112 It seems to me that sections in the Torrens Act in pari materia suggest that what one is looking for in an error or omission under s 195H is some failure to implement the intention of the party who prepared and lodged the plan in its registration. I realise that s 195H is not in the Torrens Act, but is in the Conveyancing Act, but it is clear that its principal thrust is towards plans registered under the Torrens Act and the conception of error and omission pick up key terms in the Torrens Act.
113 In the instant case the plan as lodged did fulfil the intentions of the parties.
114 Intention also flows through into decisions under s 42(1)(c) of the Real Property Act with respect to misdescription of boundaries. It may be that because of this, cases such as Rourke v Schweikert (1888) 9 LR (NSW) (Eq) 152 and even Turner v Myerson supra might not be decided the same way today: see Michael v Onisiforou (1977) 1 BPR 9356.

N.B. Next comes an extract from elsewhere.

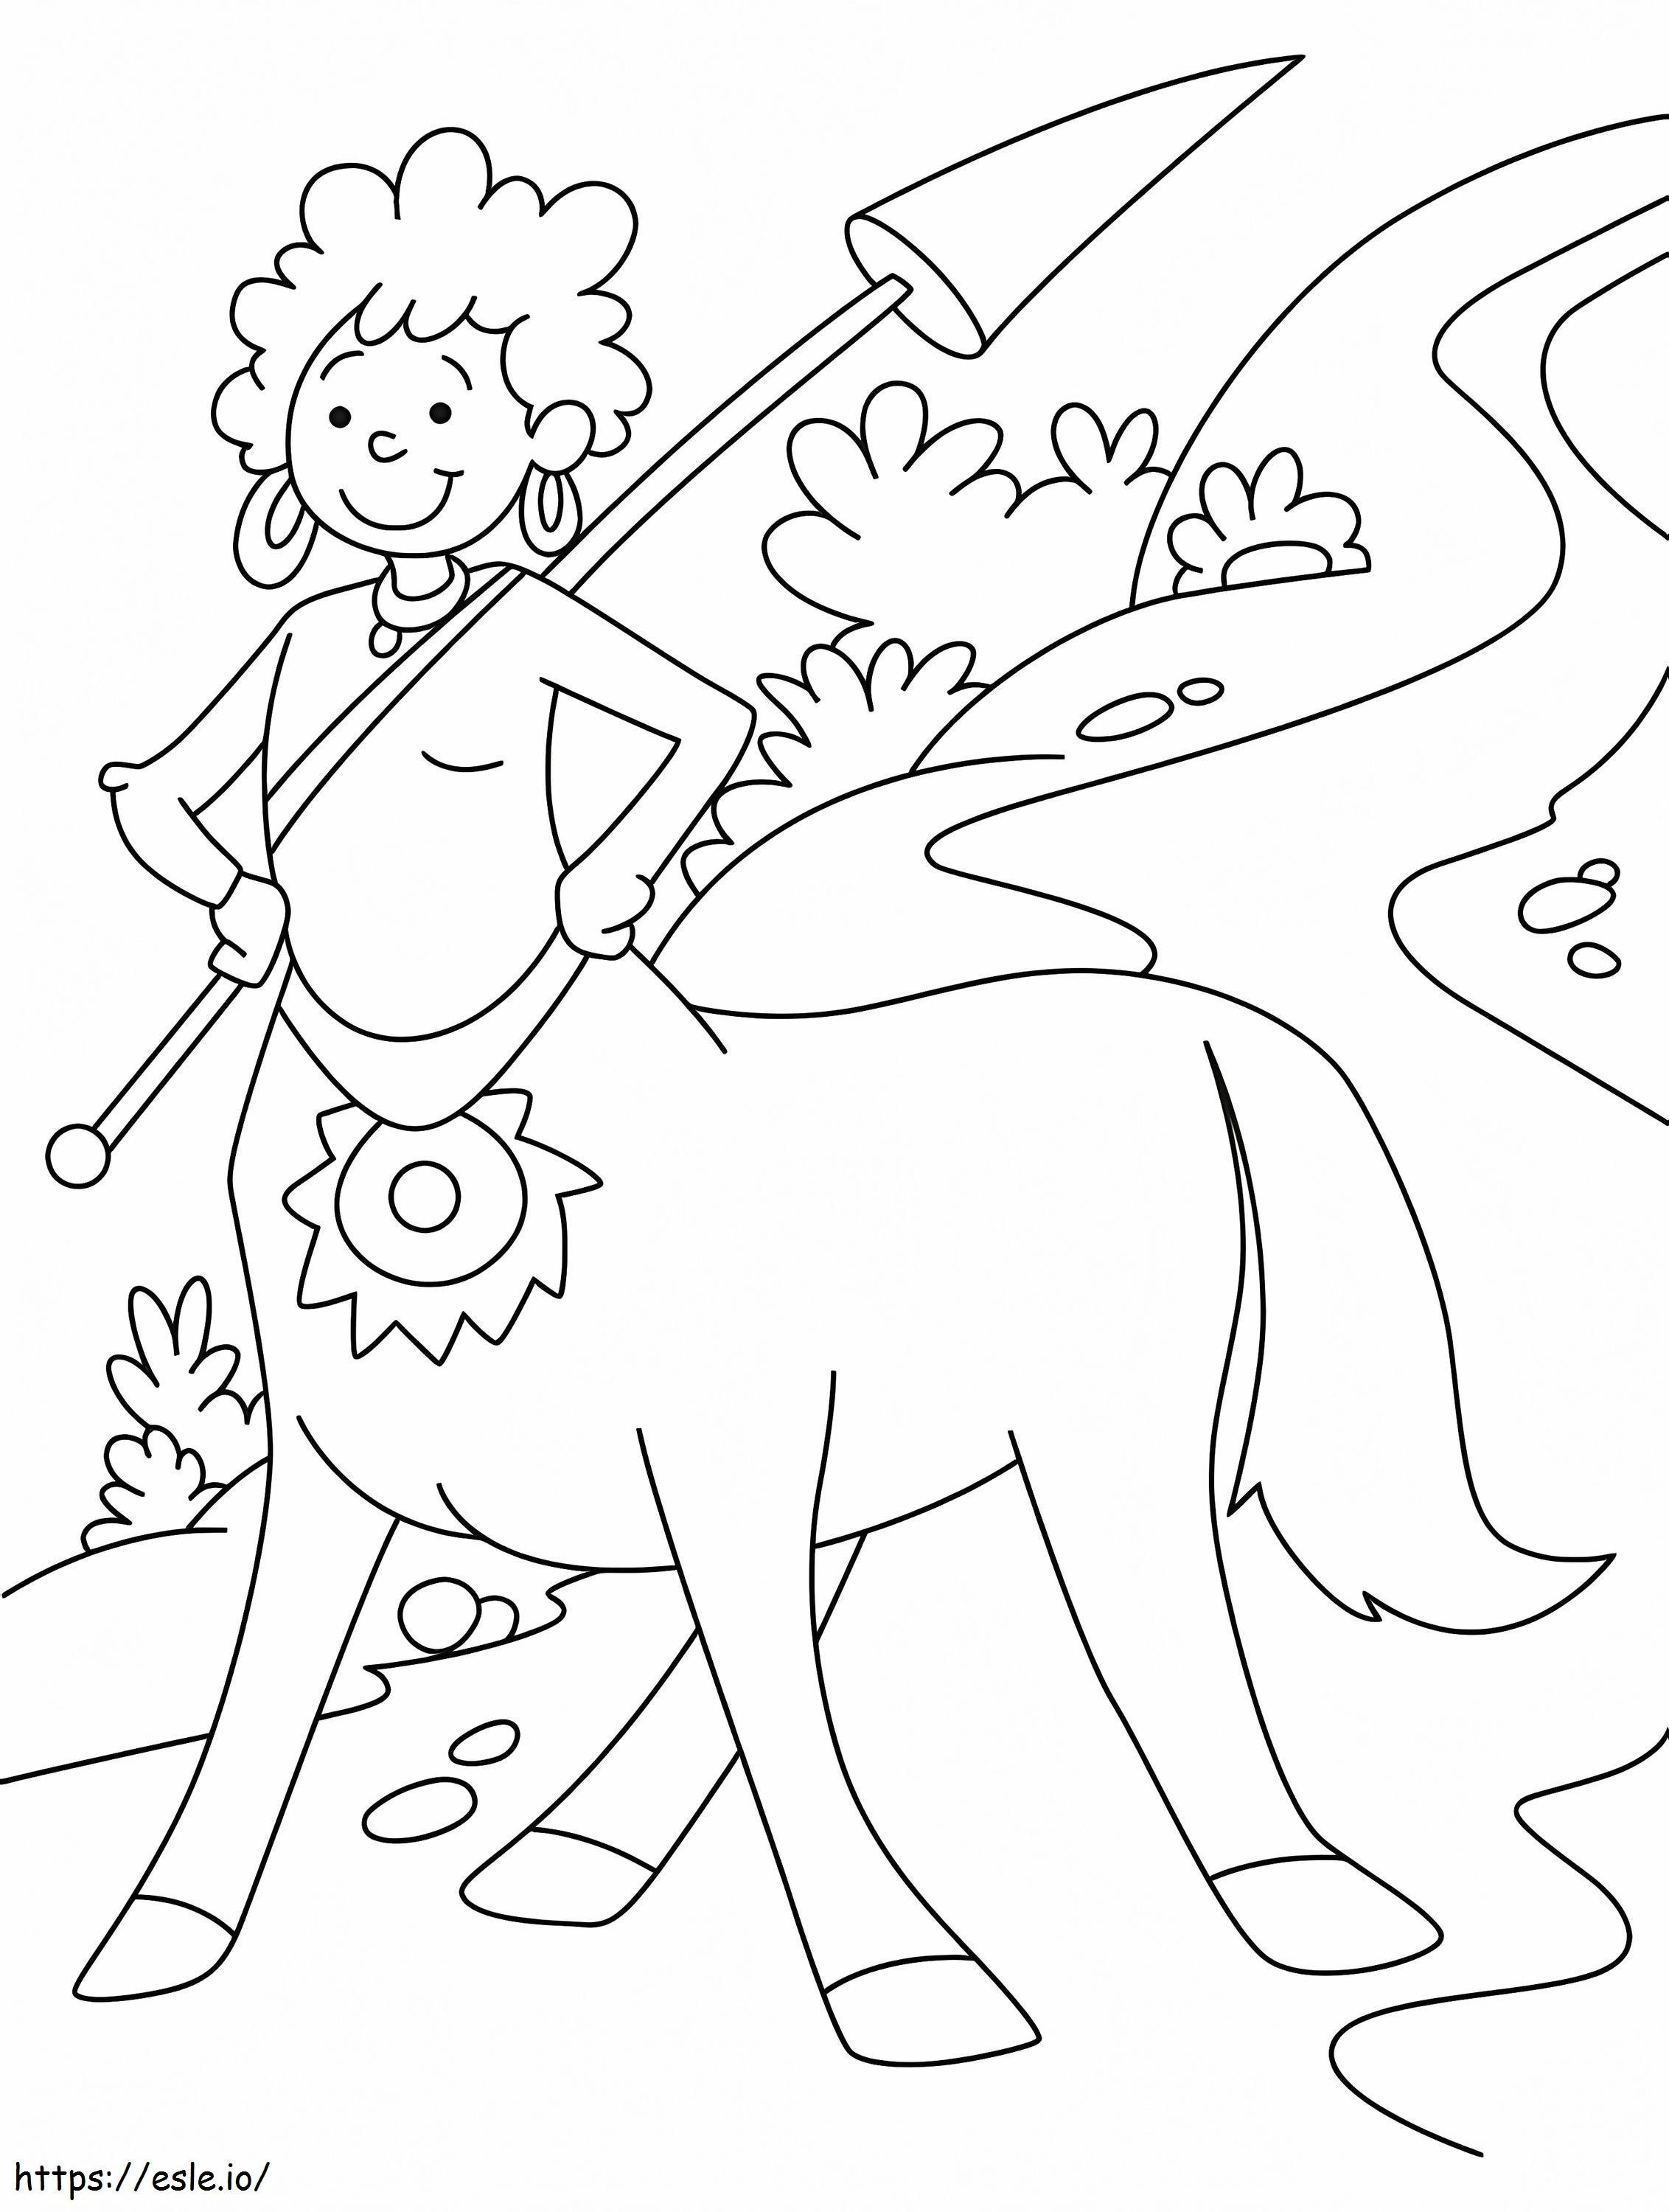 Centaur Smiling coloring page

115 Accordingly, even if one found some way around the decision of this Court in Sutherland v Moir or s 196(5) of the Conveyancing Act, one could still not say that there was an invalidity or error or omission in the plan.
116 Because I have not found it appropriate to advise the Registrar General that the power under s 195H be exercised, it is unnecessary to consider whether that power is subject to a limitation that the Registrar's powers must be limited to the period before some bona fide purchaser or mortgagee acquires the titles (see Fraser v Walker [1967] 1 AC 569 (PC)) or what happens if certificates of title have been issued following registration of a plan and then the plan is amended under s 195H.
117 I may have tackled the present point on a slightly different tack to which Brereton J approached it. I would agree with Brereton J's finding that the respondent was entitled to consolidate his holdings without council's consent because, contrary to the submissions of Mr Tomasetti, a consolidation is not a subdivision within the meaning of the Environmental Planning and Assessment Act 1979. The submission otherwise ignores the semantic significance of the words "divide" or "division".
118 Accordingly, the decision of Brereton J was in my opinion correct.
119 The appellant lodged an appeal purportedly as of right, and also sought leave to appeal. The basis of the appeal as of right was that the strip was part of a larger piece of land which was worth some millions. However, in my view this is quite irrelevant. The actual strip being fought over is worth under $10,000. There is no appeal as of right.
120 Because I was fully in agreement with the decision given by Brereton J, I hesitate before giving leave to appeal. However, on consideration, there were some points raised which needed closer consideration than would normally happen on an application for leave to appeal.
121 Accordingly, in my view, leave to appeal should be given. A proper notice of appeal must be filed within 7 days of this decision in the form of the draft notice in the White Book. The appeal should be dismissed and the appellant should pay the costs of the appeal.